Primeiro, bata na lateral da placa de Petri algumas vezes para separar os GU UUVs da superfície da lamínula. Posicione a ponta da pipeta logo acima da lamínula e aspire 10 microlitros enquanto puxa a ponta de volta sobre a superfície e transfira diretamente o GVS colhido para a câmara de observação. Aguarde alguns minutos para que o Gus se acomode no fundo para prender o GVS.

Use o tampão de observação para encher uma pipeta de remendo nova e monte-a no patch clamp cabeçote. Procure na câmara para localizar um GUV sem defeitos e verifique se ele contém proteína fluorescente. Aplique uma pressão positiva constante de mais de 100 pascais para manter o interior da pipeta de remendo limpo e insira a pipeta de remendo na câmara.

Traga a pipeta de conexão para o campo de view e aplique pulsos de teste para medir ou compensar o deslocamento e a resistência da tensão da pipeta. Em seguida, examine a pipeta sob iluminação fluorescente para confirmar se a ponta está limpa. Traga a pipeta de conexão em direção ao GUV e, se necessário, reduza simultaneamente a pressão positiva para que o fluxo externo da pipeta de conexão não faça o GUV fugir.
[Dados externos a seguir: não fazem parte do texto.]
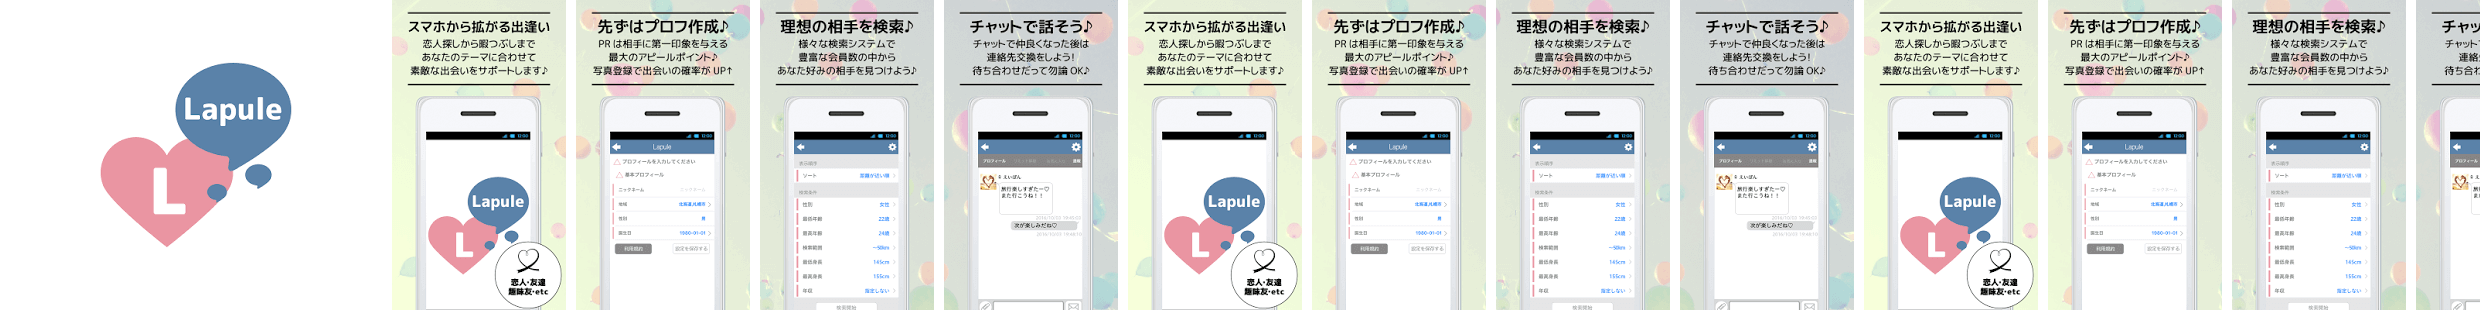 ひまなら出会い系Lapule友達・恋人探しするチャットアプリ

Quando a pipeta de adesivo estiver perto do GUV, aplique pressão negativa para puxar o GUV contra a pipeta de contato. Monitore a resistência à medida que a lingueta da membrana GUV entra na pipeta de remendo e a giga vedação se forma. Quando o remendo de membrana de dentro para fora tiver sido excisado do GUV e o selo giga estiver estável, desligue os pulsos de teste e aplique um protocolo de tensão conforme descrito no texto.

Esta figura mostra imagens de fluorescência DIC e epi de um GUV livre de defeitos. A fluorescência uniforme da proteína na membrana GUV confirma que o KVAP é incorporado ao GUV em vez de permanecer no filme lipídico e não formou agregados que Gus produziu usando os três métodos são vistos aqui. Os sinais fluorescentes de lipídios e proteínas foram dimensionados para a mesma densidade média, de modo que g UUVs com baixa ou alta densidade de proteína tenham um tom magenta ou verde nas imagens de sobreposição, enquanto GVS com densidade média de proteína são brancos.

Foram identificados G UUVs isolados e sem defeitos e a distribuição do tamanho do GUV é mostrada aqui. Normalmente, a eletroformação produz mais G UUVs sem defeitos do que o inchaço assistido por gel, mas os GUS produzidos pela eletroformação são menores. Aqui é mostrada a distribuição da densidade da proteína inferida da fluorescência GUV.

A eletroformação com alto tampão de sal produz GU UUVs com densidades proteicas variáveis. A densidade varia muito menos para a eletroformação com baixo tampão de sal e a densidade proteica dos UUVs GU produzidos pelo gel O inchaço assistido é notavelmente uniforme, dependendo da concentração de proteína no adesivo excisado. Os rastreamentos atuais mostram canais únicos ou um conjunto de canais.

KVAP mostra a abertura dependente da tensão. Ao tentar este procedimento, é importante lembrar as vesículas gigantes de objetos frágeis não resistentes ao estresse puro e osmótico. Seguindo este procedimento, métodos como puxar nanotubos lipídicos podem ser realizados para responder a perguntas adicionais, como detecção de curvatura de proteínas.

Depois de assistir a este vídeo, você deve ter uma boa compreensão de como produzir GVS contendo proteínas funcionalmente reconstituídas.